This answer addresses the question of how to find the burial site.
The difficulty with locating vital records for anyone is that while a person might live in one location for a long time, they can die anywhere. You have some family tradition about when and where your great-grandfather might have died and where he might be buried, but so far a direct search has been unsuccessful.
In cases like this, I try to find out more information, because you never know which clue will be the one that leads to the record you want. So instead of searching specifically and directly for the information you want, review your previous work and see what other information you can discover. The basic principle is to Start With What You Know and to make small steps from that point, instead of trying to make a big leap. You want to have enough biographical information on hand to be able to recognize your great-grandfather when you find him, instead of getting him confused with some other person who has the same name.
To make a research plan, take the information you already gave us in your question, plus any other information you have, and do the following:
- Make a list of all the records you have collected so far.
- Extract the information from each record and make a timeline of the events relating to your great-grandfather and his immediate family. Make a note on this timeline of which source the information came from, so you can refer back to it as needed.
- Search for more evidence that confirms the information you already have.
- For each new record or piece of information, make a list of research questions and ask where/how you can find out more information about that topic.
- Fill out or refer to a source record checklist (downloadable PDF) and references like Sources of Genealogical Information or the FamilySearch Reference Wiki's Resource Checklist to get ideas about other things to search for. A place search in the FamilySearch Library's catalog will show you what you can find on FamilySearch or at a local Family History center, and the subject headers could be used to search for holdings at other libraries.

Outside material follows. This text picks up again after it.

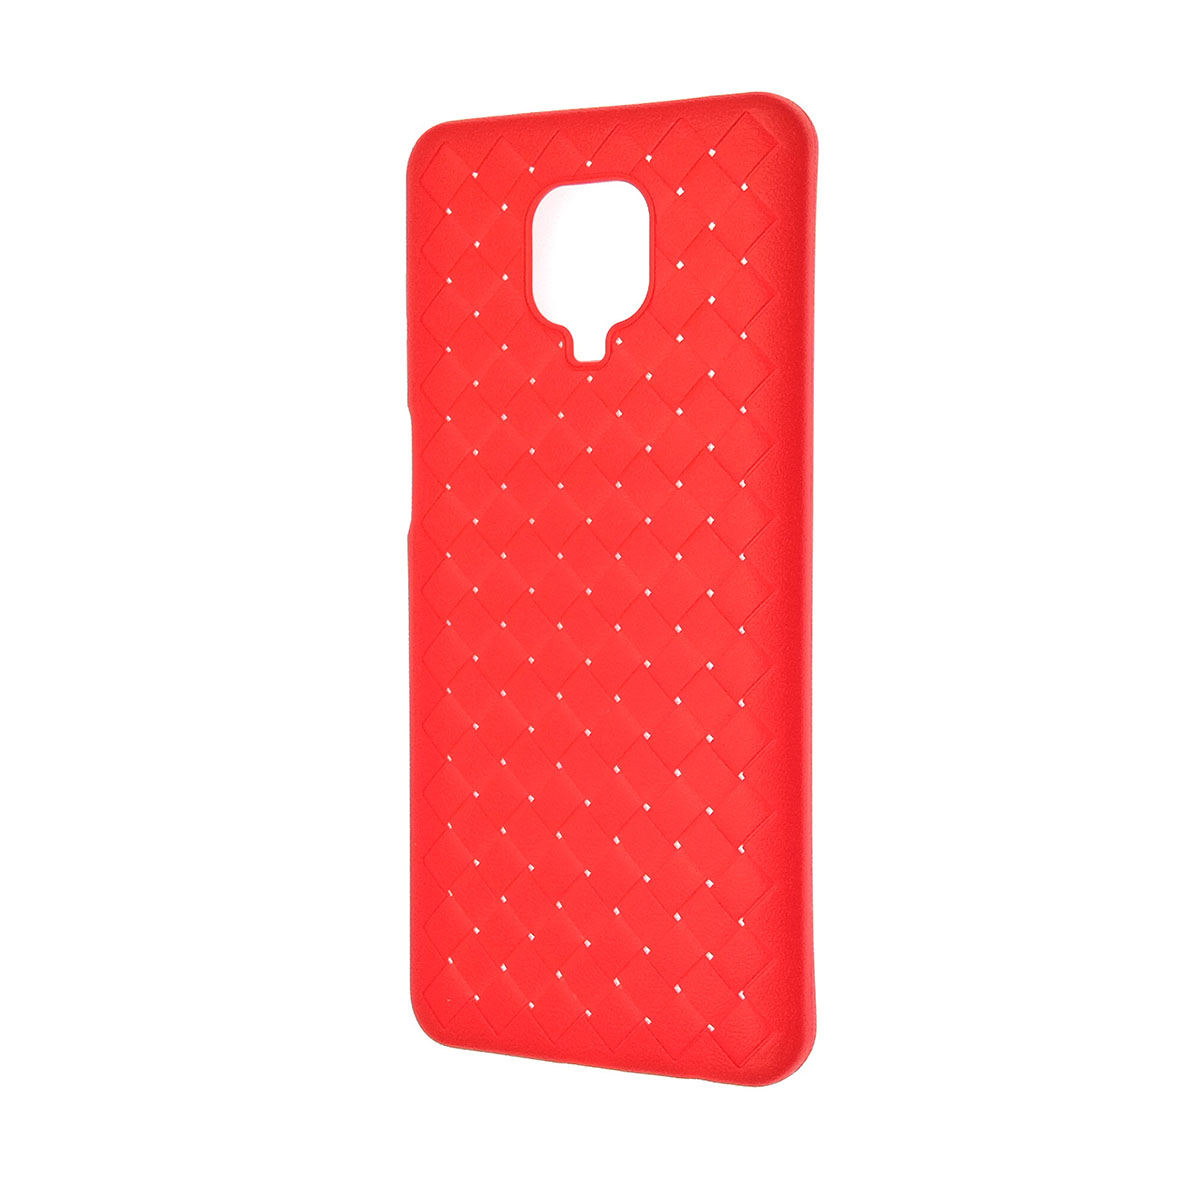 Чехол накладка для XIAOMI Redmi Note 9 Pro, Redmi Note 9S, силикон, плетение, цвет красный.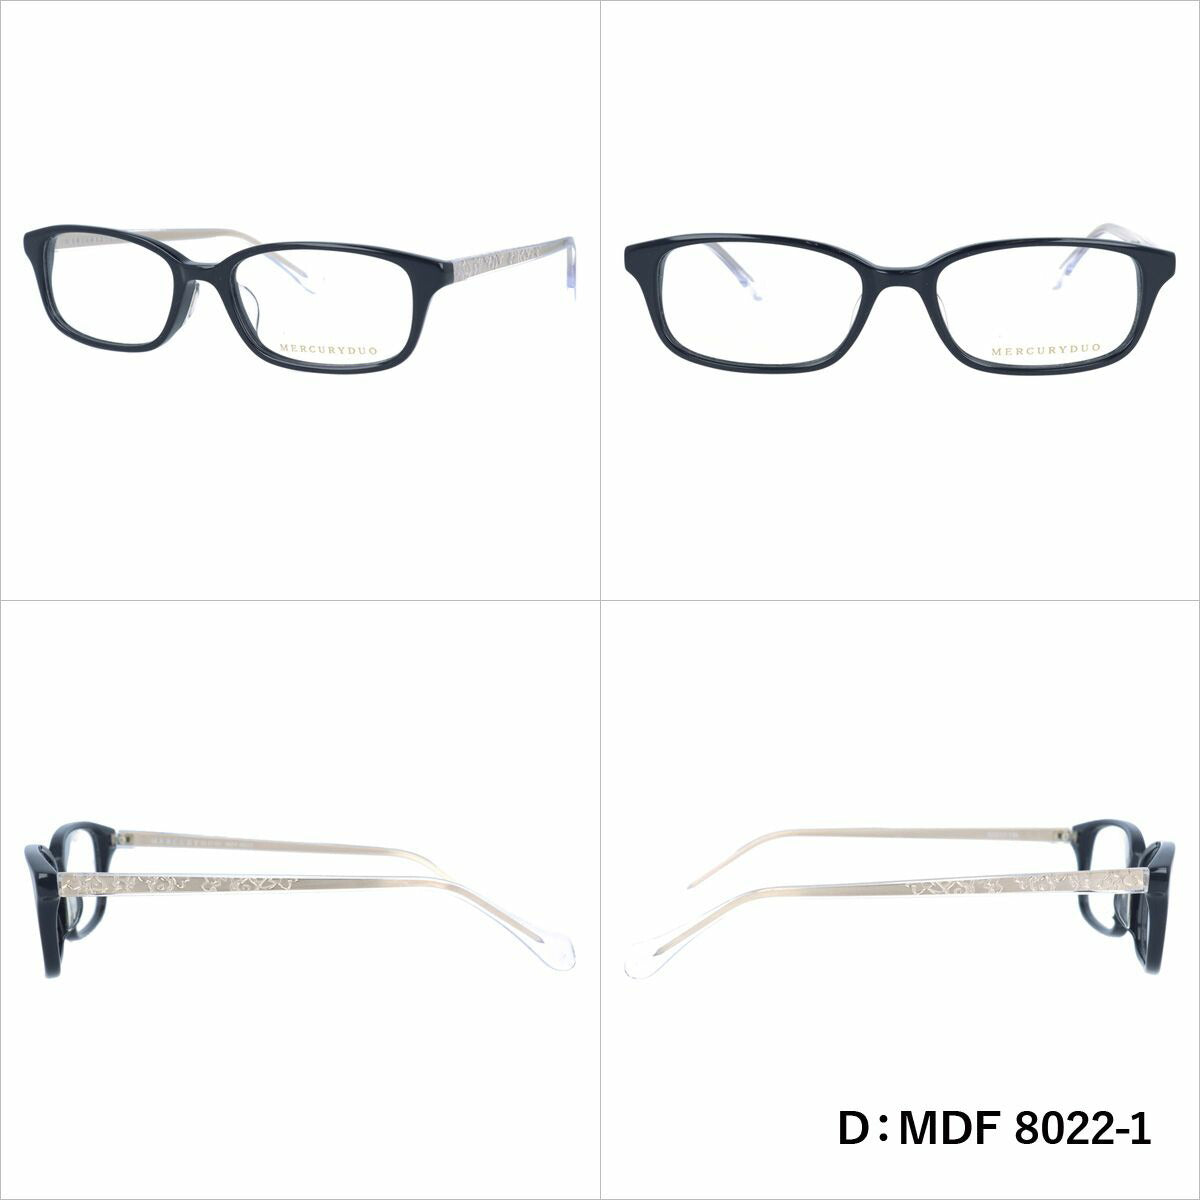 マーキュリーデュオ リーディンググラス フレーム レディース ブランド 度付き 度入り メガネ 眼鏡 アジアンフィット MERCURYDUO MDF 8015-1 / MDF 8025-1 / MDF 8026-1 / MDF 8022-1 レディース 女性 プレゼント

Why go through all this? If you have a richly detailed picture of a person's life, it is easier to find more records about them. If you put the information into outline form, it is easier to see what you have and what else you might be able to find. It also gives you a strategy to search newspapers for an obituary or funeral notice without searching for your great-grandfather by name.
German surnames in particular can pose difficulty because of variant spellings. I found one obituary by searching only for the date range, her first name, and the phrase "born Germany". I found another by accident while searching for records about her son (I found his son, who had the same name, as a bearer at the grandmother's funeral). Since then I have found other obituaries as a result of searching for friends, relatives, and associates, who were listed as a survivors of a relative or as bearers at a co-worker's funeral.
For one focus person in my research, I was able to fill in the gaps between census records with city directory information that told me his employer. From newspapers I was able to gather information about when he retired and the timeframe for when he moved to Florida. This made it easier to find his obituary and to confirm that the death records I had found in Florida actually belonged to the person I was looking for. If I had just kept looking for death information in his Massachusetts hometown, I would never have found anything.
So instead of starting with the clues in the 1942 Draft Registration card and trying to leap immediately to records on Find A Grave, etc., try instead to find out more information from the early 1940s. Can you find City Directories, newspaper articles, employee newsletters, or other local resources? Do you have the names of siblings, friends, neighbors, and associates? Can you work towards the 1950s year by year? Can you narrow down the window by searching for your great-grandmother, and finding records where she is listed as his widow? Once the 1950 Census is released (1 Apr 2022), try to find your great-grandmother to see if she is widowed or divorced. Collect addresses for her as close to census day as you can find, then see Finding people in the 1950 Census without using the index for how to locate her before the index is ready.
If your grandfather was buried in a pauper's grave, there may not be an obituary or death notice, but if he had siblings, you might be able to get clues about the date your great-grandfather lost contact with the rest of the family by seeing if he is listed in his siblings' obituaries as a survivor.
If someone died away from home and their body was transported back home for burial, there may be death records from multiple jurisictions. Investigate any death records that come from places where you don't expect them, to make sure they aren't your person of interest.
See Death in the Wrong Place (posted Jan 21, 2015) and Following up on Death (posted Jan 22, 2015) on Judy D. Russell's blog, The Legal Genealogist.